# Work instruction
For this exercise, retype all the data exactly and exclude every image.

# Collected material
· · · · · · ·

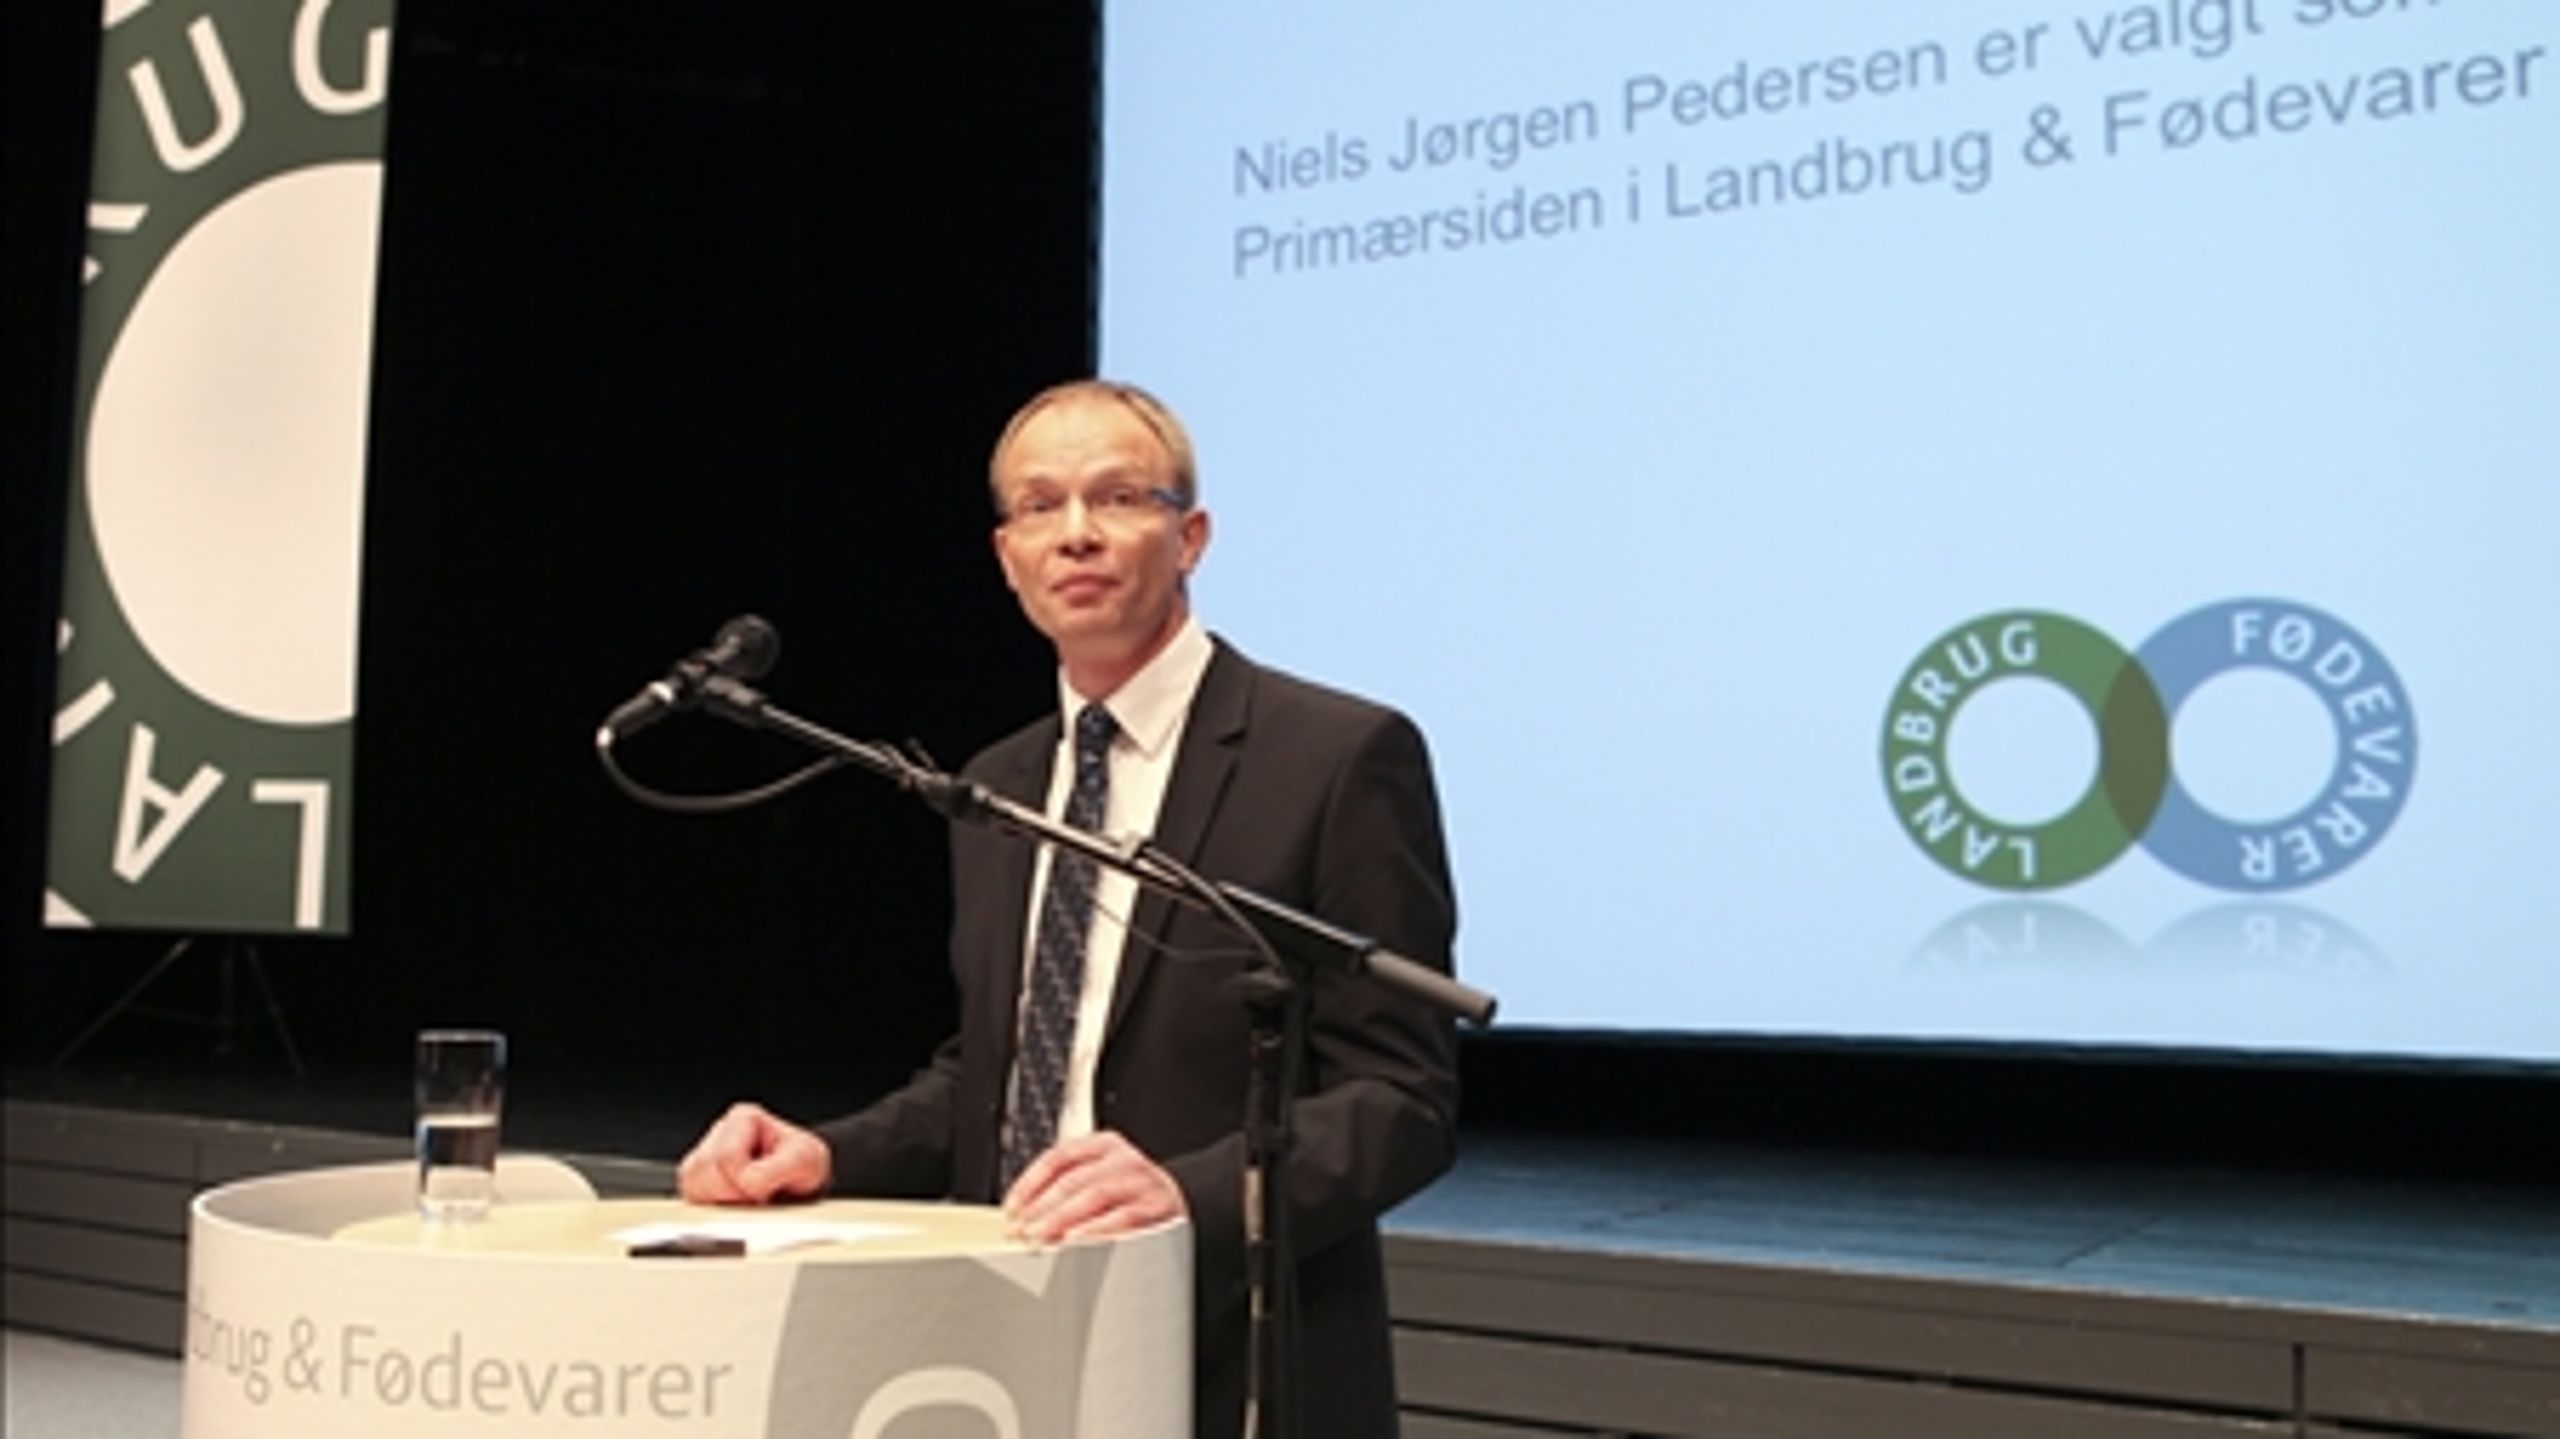 Der er store forventninger til den nye nye formand for Landbrug & Fødevarer, Niels Jørgen Pedersen.
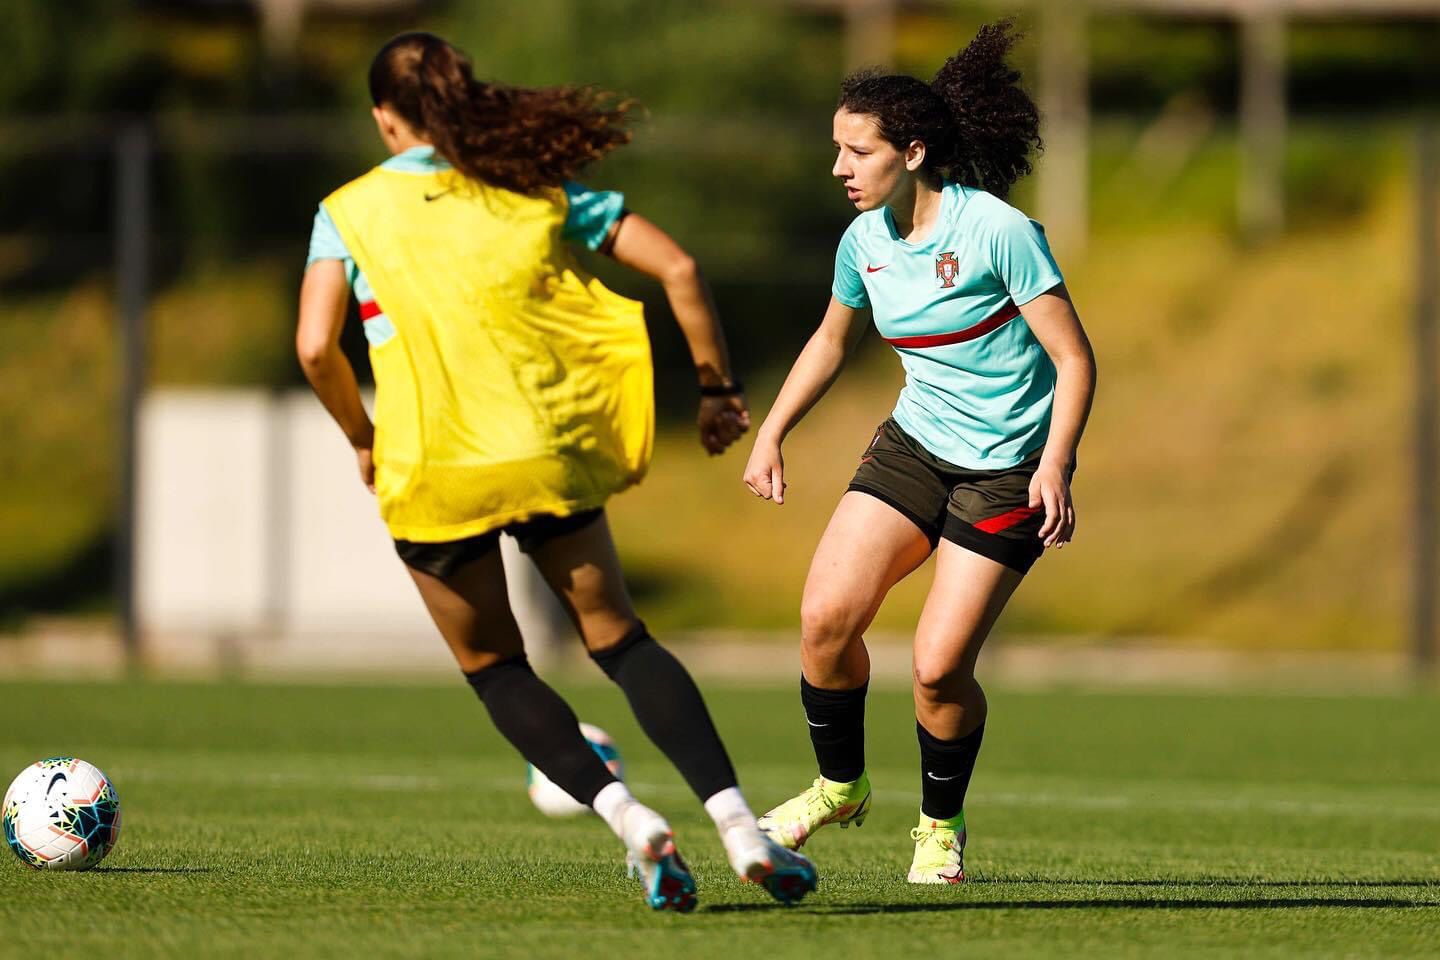 Sara Cordeiro chamada pela 3º vez aos trabalhos da Seleção Nacional Feminina Sub-18
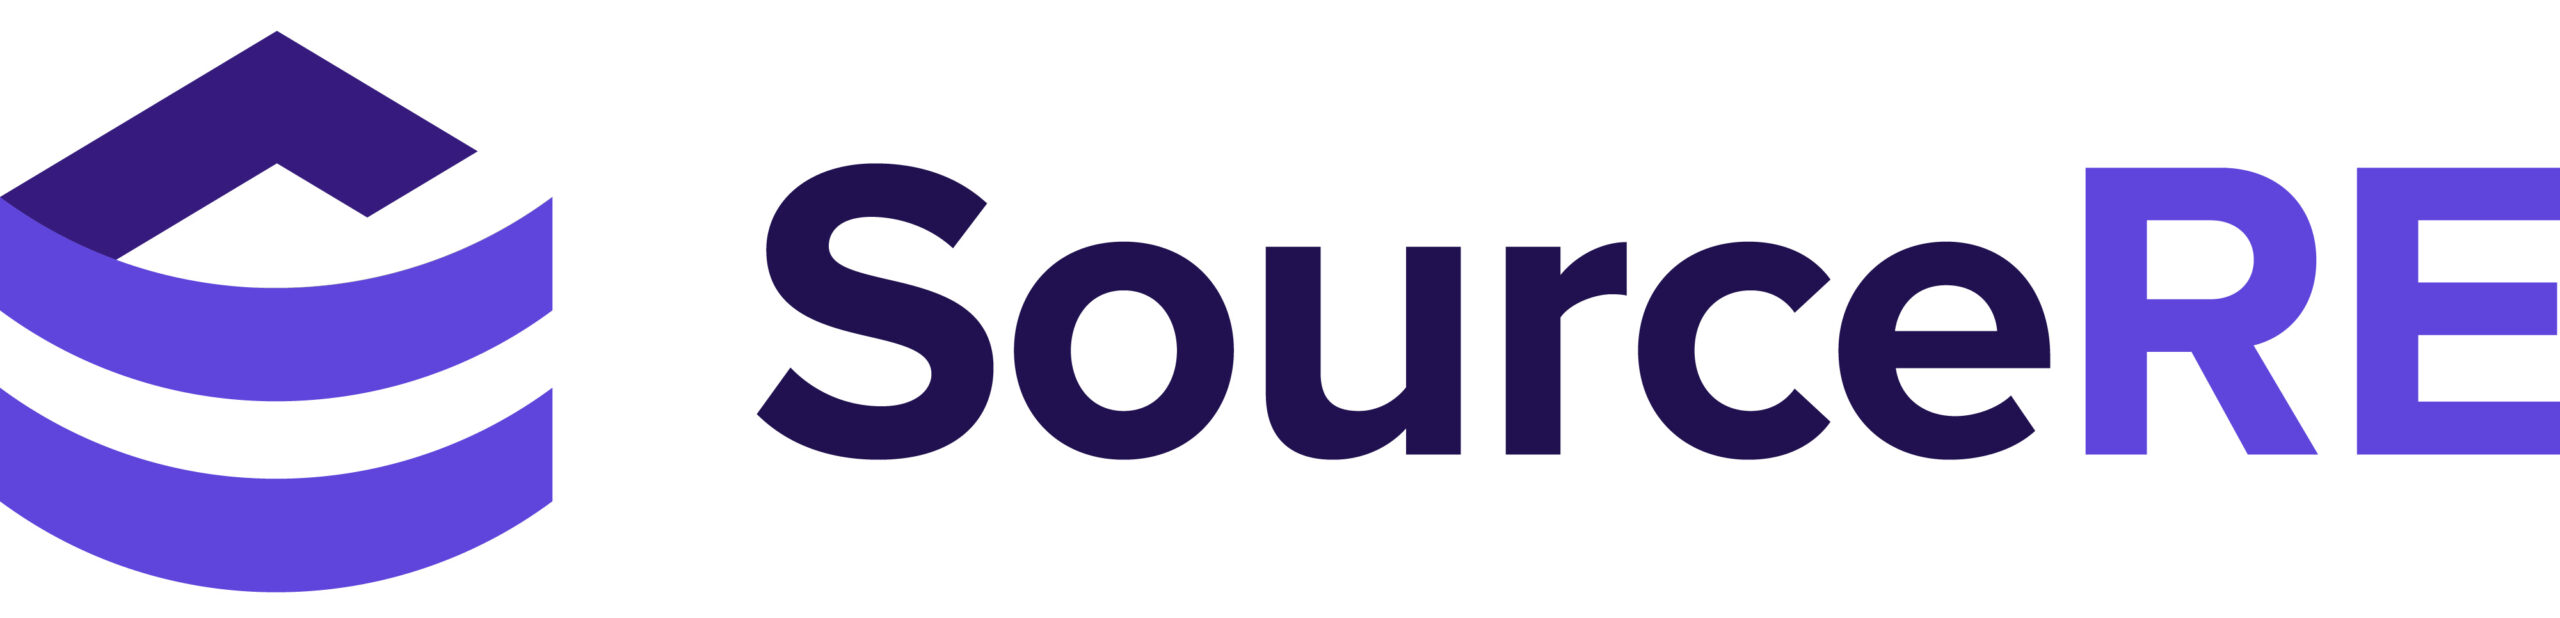 SourceRE logo

· · · · · · ·

# Task answer
 Der er store forventninger til den nye nye formand for Landbrug & Fødevarer, Niels Jørgen Pedersen.
 Sara Cordeiro chamada pela 3º vez aos trabalhos da Seleção Nacional Feminina Sub-18
 SourceRE logo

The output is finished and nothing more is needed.